Karin Swann-Rubenstein is a writer and licensed therapist with degrees in political philosophy, communication and psychology. She is a student of the Diamond Approach, a mother of twin boys and an ardent citizen of this planet. Her deepest interests revolve around the inner (healing) work necessary to craft a different future peopled by more empowered women, more attuned men, and a humbler humanity offering greater care for all things vulnerable, inter-dependent and of-this-earth. She lives at the intersection between psychology, social justice, spirituality, politics and the post-patriarchal (r)evolution. She also lives in Berkeley, CA with her husband, sons and 2 dogs.
Birth of a Blog
Shortly after Trump’s election, I began sharing reflections on Facebook in an earnest attempt to make sense of an unraveling America and an increasingly unhinged and upside-down world. These posts included thoughts about men, the men who had elected Donald Trump, and other men – all of them – the men we will need to effectively change the world in all the ways so sorely needed right now. The posts also included essays and poems speaking to my own struggles and transformations turning towards the anxiety, anger, and grief I experienced as a woman and citizen during these Trump years.
As anyone with a devoted practice of journaling knows, words can chronicle our experiences retroactively, but they can also help us open, discover and unfold. Writing has been my ally through these past three years, insistently urging me to record my experience because what we are going through now as women and citizens of all backgrounds and genders matters. Many of us are struggling with the stories coming out of D.C. and Wall Street, but if we hope to forge different stories moving forward, it will be because as the old one falls apart, and we fall apart watching it, we rise up on the other side to write something new, from the inside out.

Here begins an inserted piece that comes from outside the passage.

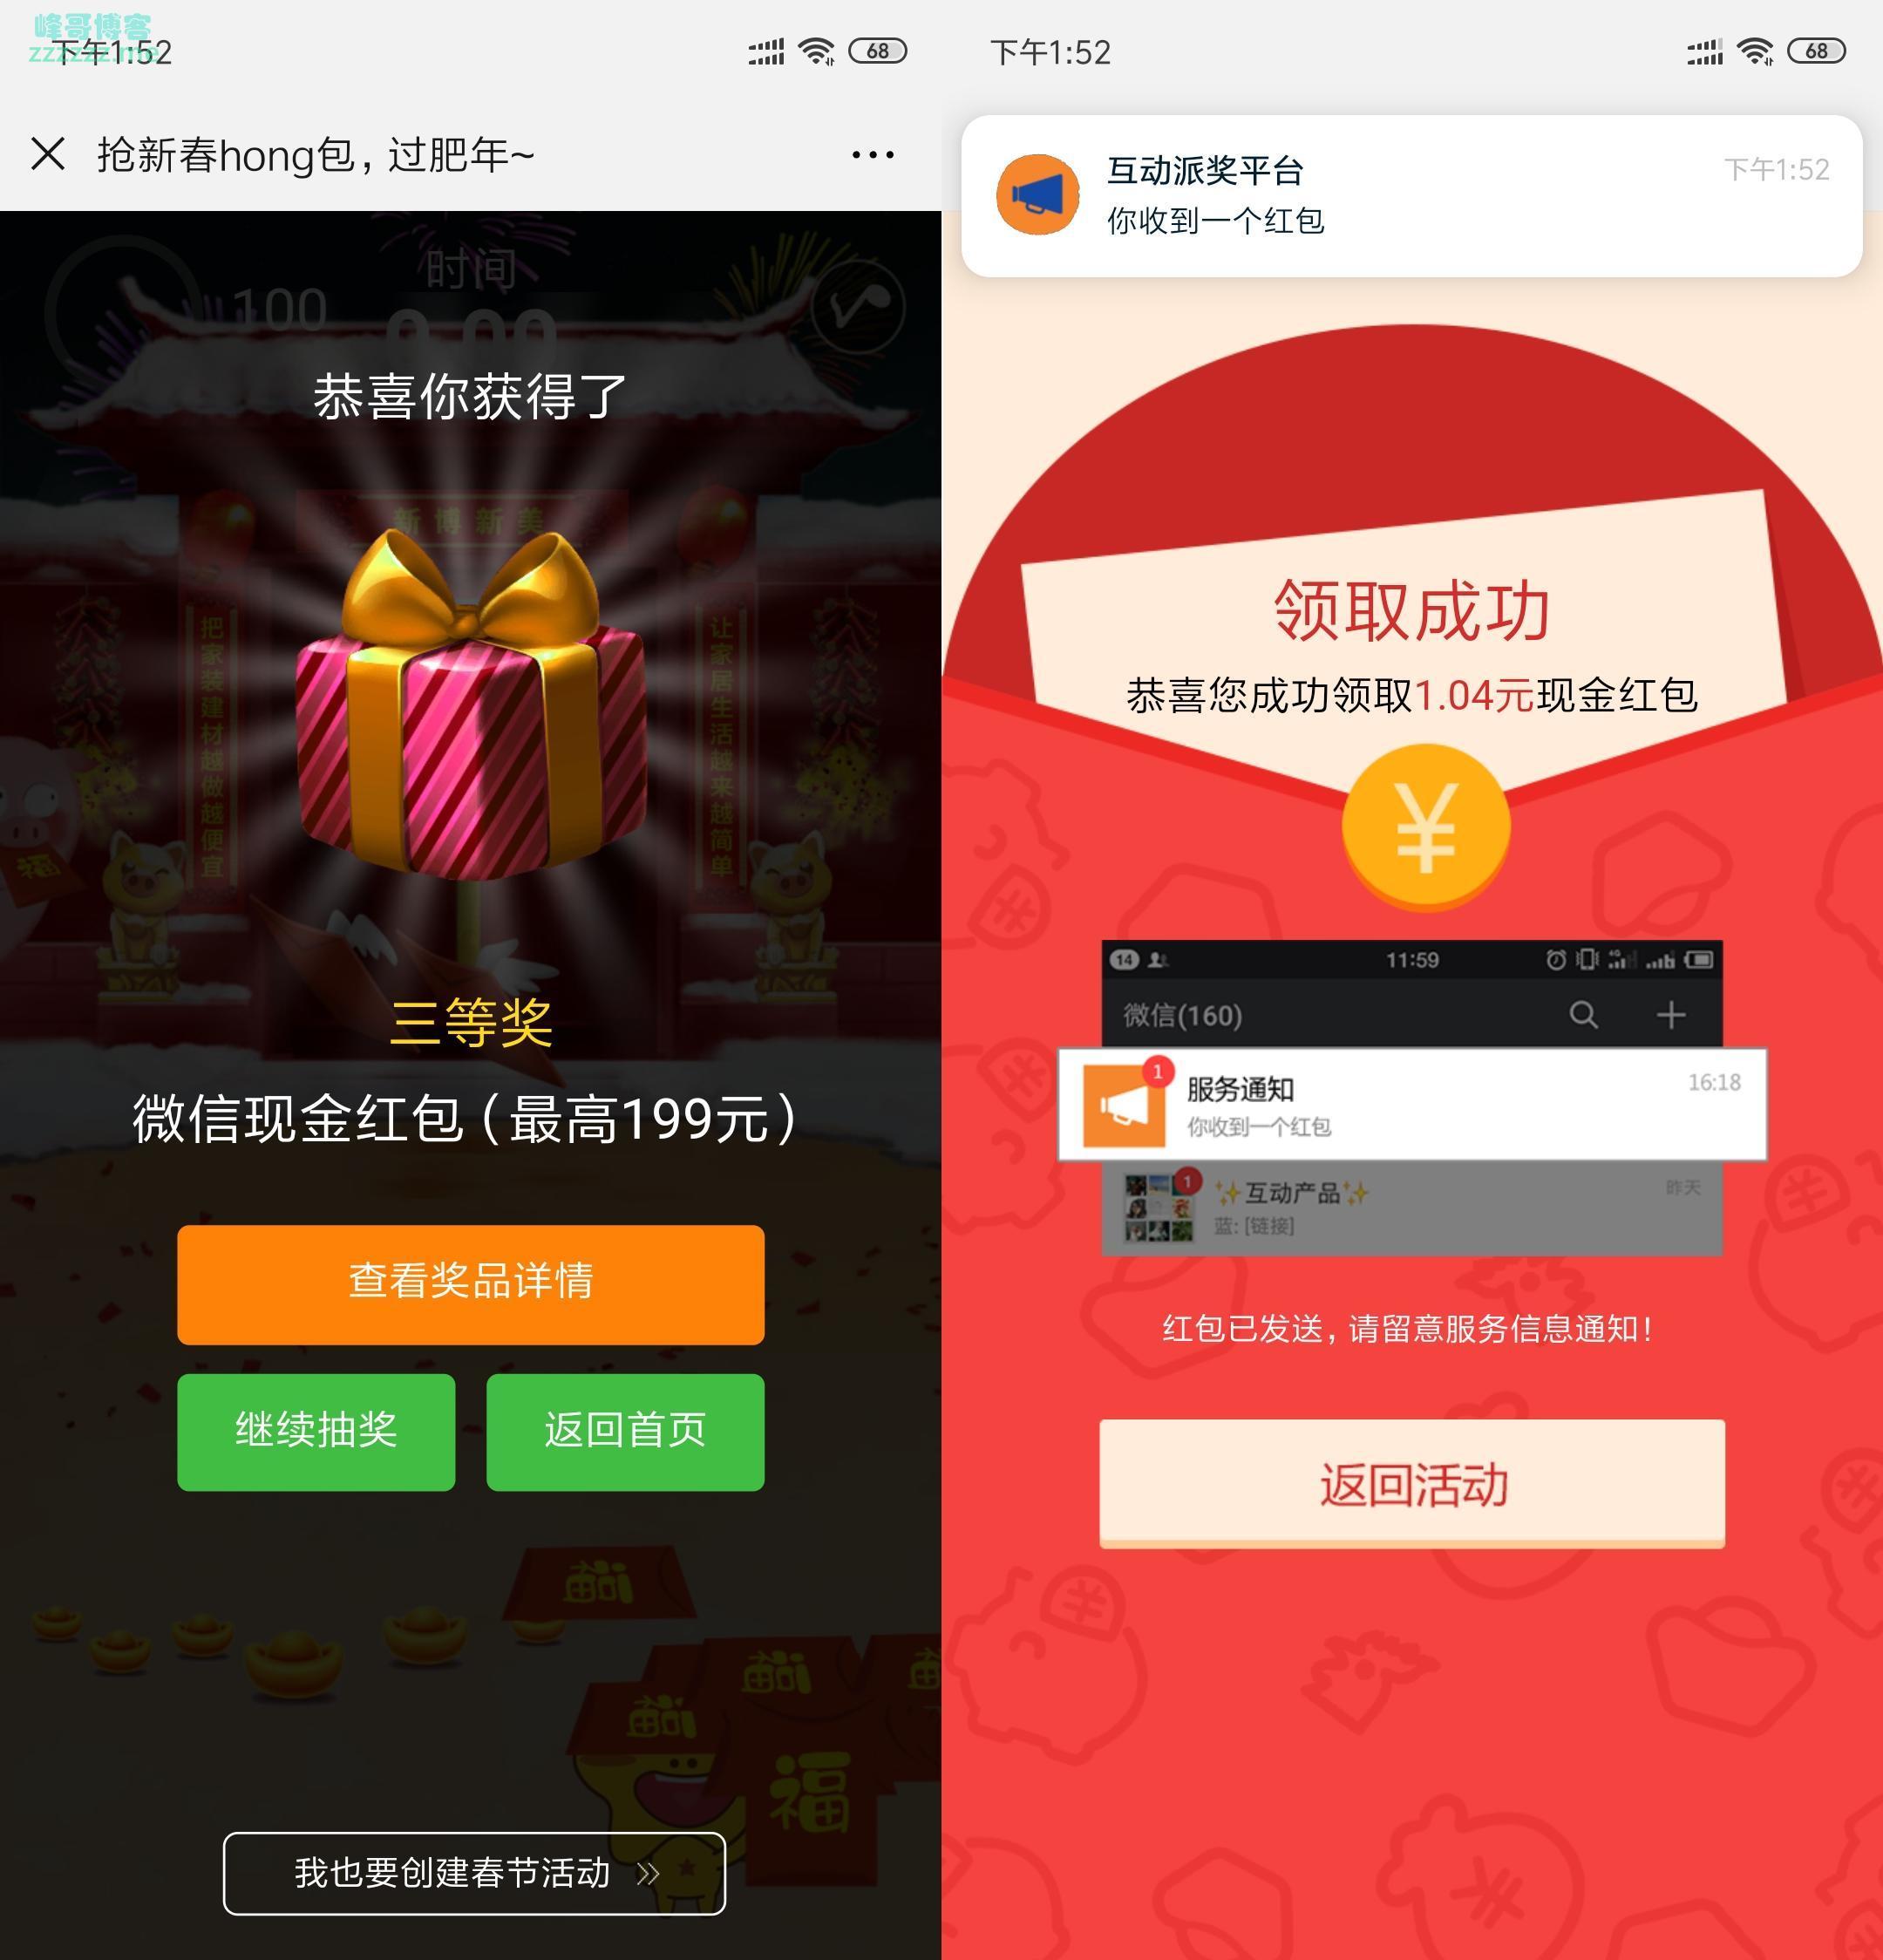 微信新博新美抢新春红包最高199元红包 凡科活动亲测中1.04元

Over the last two years of posting on Facebook, and also on Medium.com, various friends have encouraged me to collect my writing in one place. To those who valued my voice and reached out to say so, thank you! Truly. I wrote without much expectation that people would respond but because I felt I had to. That you responded is an added gift. So, here it is, nine months later. (Yes, that’s not lost on me!)
I’ve chosen to take this blog live on Indigenous People’s Day. Somewhere between 1937, when Columbus Day became a US holiday, and 1996, the first year a US state revised the name to Indigenous People’s Day, a post-patriarchal revolution has been unfolding. This renaming reflects a shift in consciousness from a history valuing colonization, domination, and consumption to one that hopes to honor the original cultures on this continent and their more attuned relationship to nature and a balance of masculine and feminine principles. My writing is born in the tension and creativity between these two cultures, the territory between the values of a patriarchal past that are no longer serving us and the values of a future we are being pressed to forge on a planetary home demanding our attention and respect.
The challenges we are facing in these times are, in my view no accident. Our anxiety, stress, restlessness, and loneliness are a calling from our disquieted all-too-human souls to birth something new. This pain that precedes new life is a truth deeply imprinted on all our bodies (and our mother’s) at birth, but, as with all births, there’s also excitement and potential in our midst. When, individually and collectively, we trust the journey we are being invited to take – following our wounds and misgivings to their depths – we’re able to reconnect with ourselves, others and nature with newfound meaning and purpose.
When you join me on this blog, you join in the chorus I have joined. We sing the song we can’t help ourselves from singing when we reconnect with the precious, inter-being of Life on this stunningly beautiful Earth. It is a song … that is already singing us.